Hiroaki Kato, ATR Cognitive Information Science Labs./NICT
Yoshinori Sagisaka, GITI, Waseda University
To simulate the perceptual extraction of temporal structures of speech, the authors have been proposing an event-plausibilty model that detects the occurrence of subevents in continuous speech signals based on a auditory processing. One of its core components is the filterbank module that simulates the mechanical frequency analysis of the basilar membrane in the cochlea. In this paper, output by the new model using a dynamic compressive gammachirp (dcGC) auditory filterbank was compared with the previous model using a gammatone auditory filterbank. The most important difference between these filters was the nonlinear dynamic level-dependence of the new filter; the previous filterbank was linear.

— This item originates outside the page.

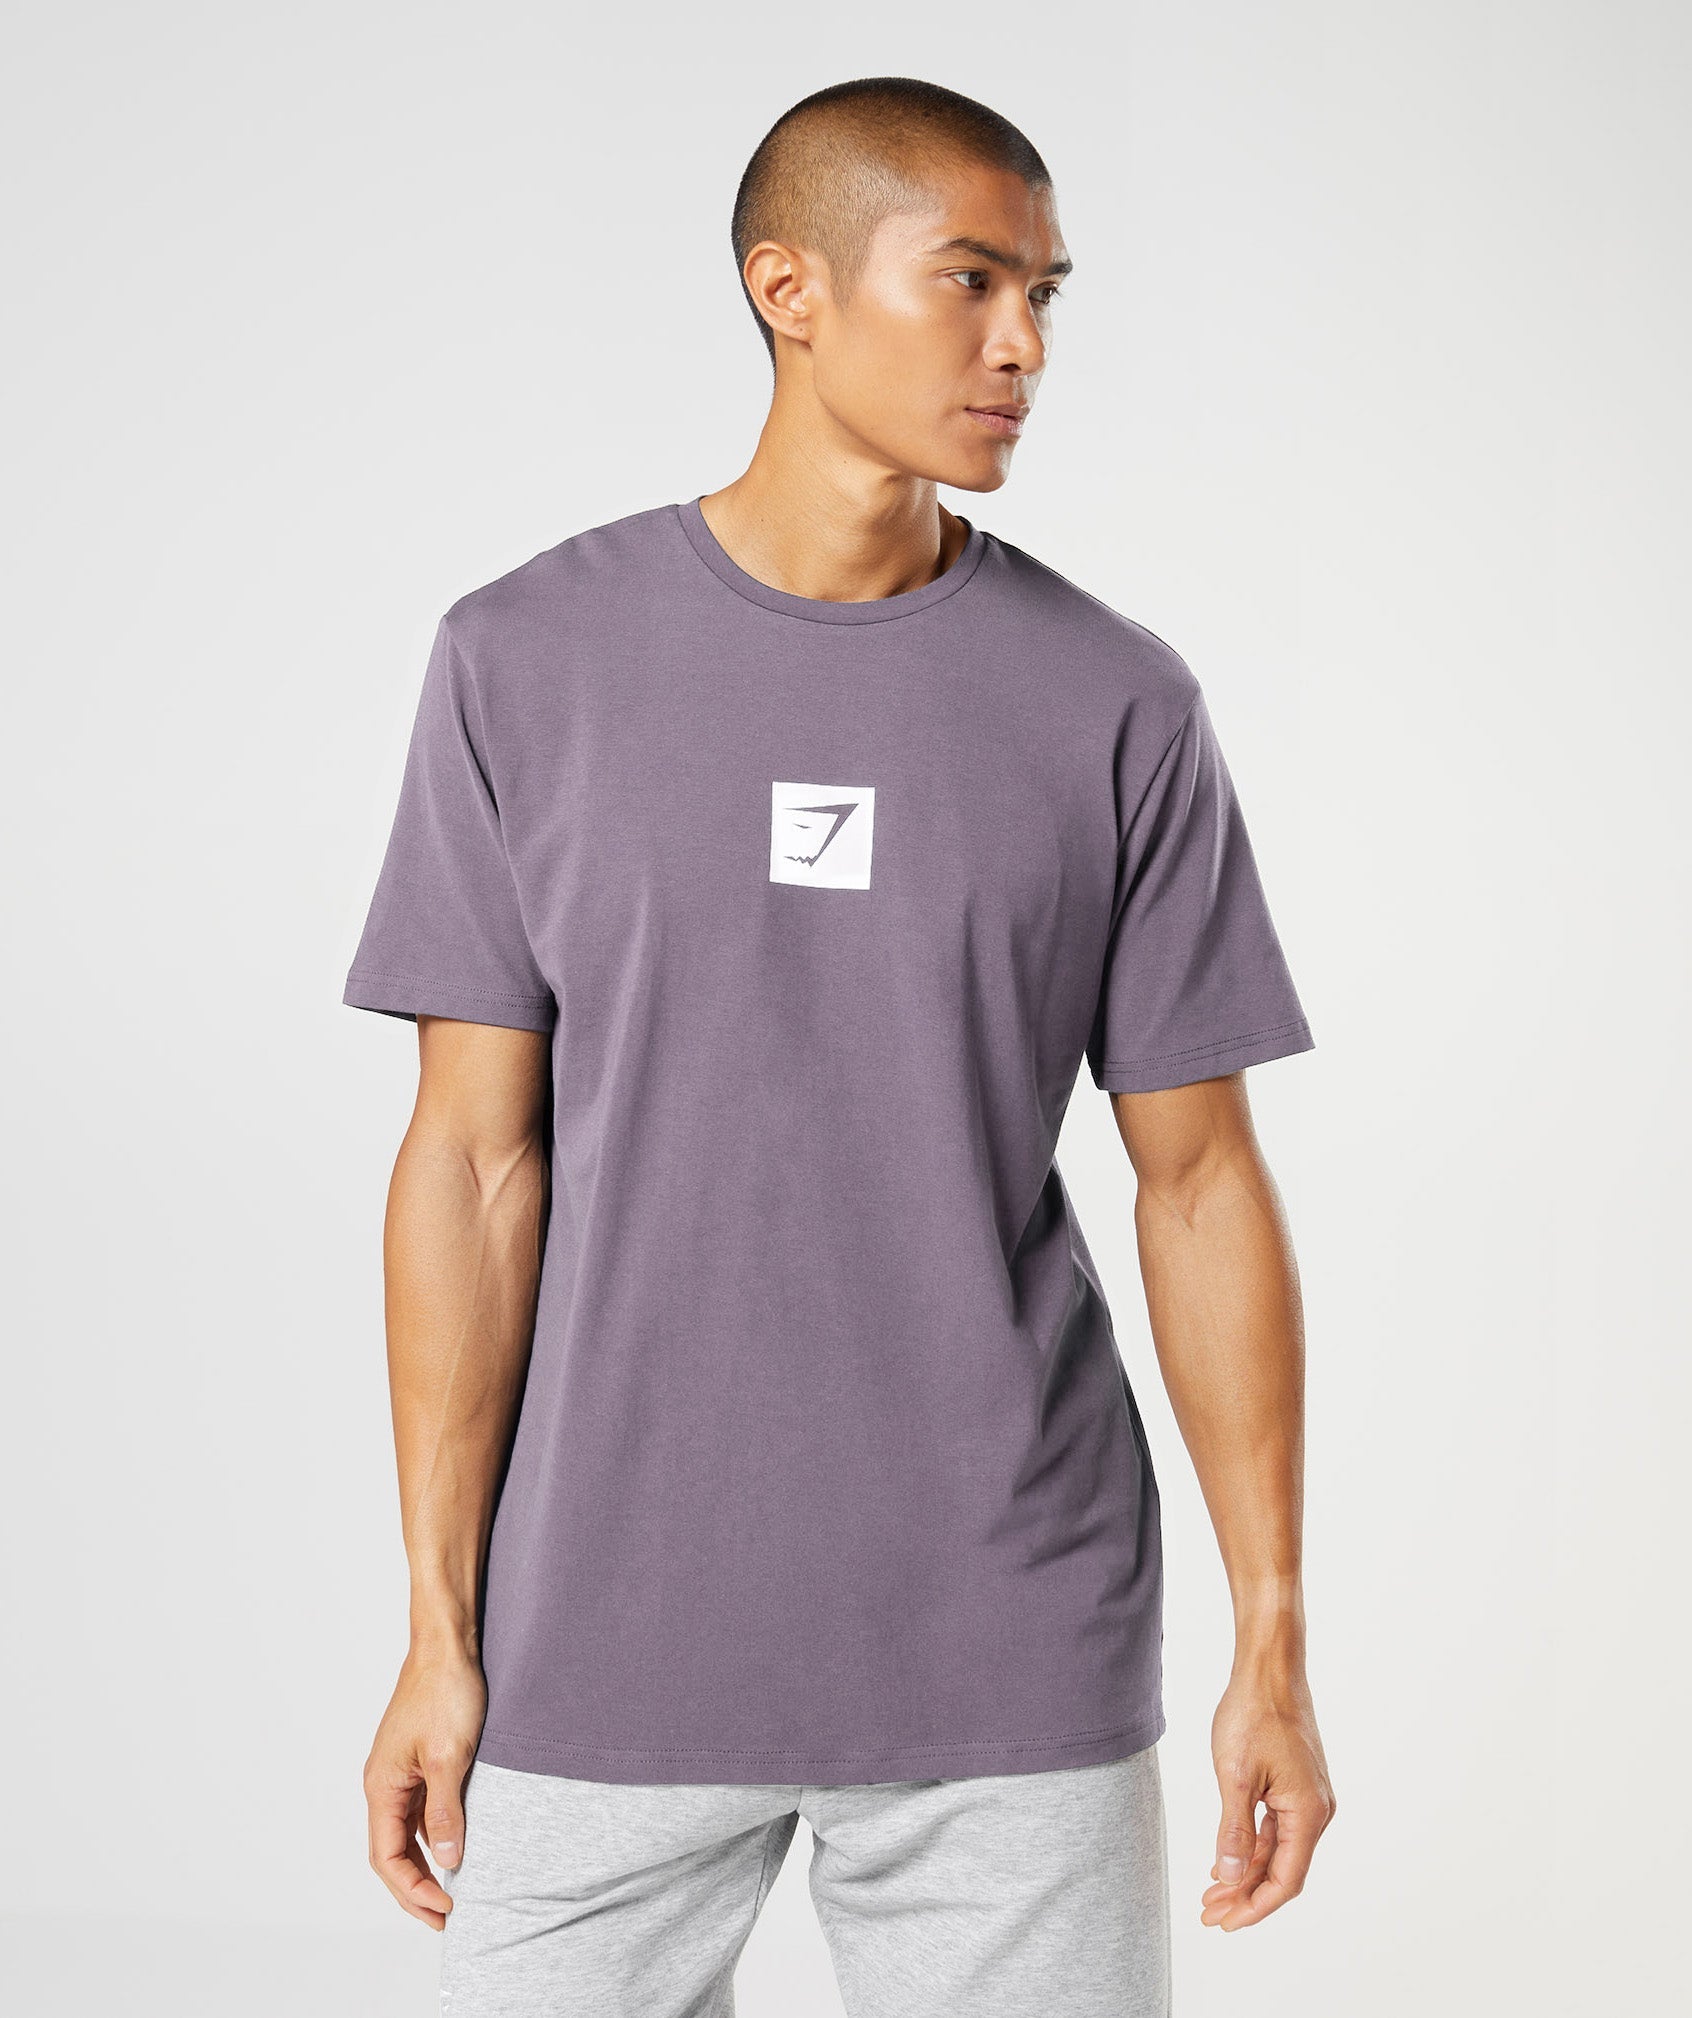 Outline T-Shirt in Musk Lilac

Simulation results revealed that no significant advantage for the new filter (dcGC) was observed for event detection by the event-plausiblity model, which suggests that the algorithm for the event-plausibility model has robustness against differences in peripheral auditory processing.
Segmentation of speech: Child’s play?
Odette Scharenborg, Centre for Language and Speech Technology, Radboud University Nijmegen, The Netherlands
Mirjam Ernestus, Department of Linguistics, Radboud University Nijmegen, The Netherlands; Max Planck Institute for Psycholinguistics, Nijmegen, The Netherlands
Vincent Wan, Speech and Hearing Research Group, Department of Computer Science, University of Sheffield, UK
The difficulty of the task of segmenting a speech signal into its words is immediately clear when listening to a foreign language; it becomes suddenly much harder to segment the signal into its words, since the words of the language are unknown. Infants are faced with the same task when learning their first language. This study provides a better understanding of the task infants face while learning their first language. We employed an automatic algorithm on the task of speech segmentation without prior knowledge of the labels of the phonemes of the language. An analysis of the boundaries erroneously placed inside a phoneme showed that the algorithm consistently placed boundaries in ‘dynamic’ phonemes (in which an acoustic change occurs, e.g., plosives which consist of a closure and release part) dividing the phoneme into two (or more) segments. A question for further research is: do infants also have to overcome this difficulty in learning to group together dynamic phonemes?
Dimensionality Reduction Methods Applied to both Magnitude and Phase Derived Features
Andrew Errity, School of Computing, Dublin City University, Dublin 9, Ireland
John McKenna, School of Computing, Dublin City University, Dublin 9, Ireland
Barry Kirkpatrick, School of Computing, Dublin City University, Dublin 9, Ireland
A number of previous studies have shown that speech sounds may have an intrinsic low dimensional structure. Such studies have focused on magnitude-based features ignoring phase information, as is the convention in many speech processing applications. In this paper dimensionality reduction methods are applied to MFCC and modified group delay function (MODGDF) features derived from the magnitude and phase spectrum, respectively. The low dimensional structure of these representations is examined and a method to combine these features is detailed. Results show that both magnitude and phase derived features have a low dimensional structure. MFCCs are found to offer higher accuracy than MODGDFs in phone classification tasks. Results indicate that combining MFCCs and MODGDFs gives improvements for phone classification. PCA is shown to be capable of efficiently combining MFCCs and MODGDFs for improved classification accuracy without large increases in feature dimensionality.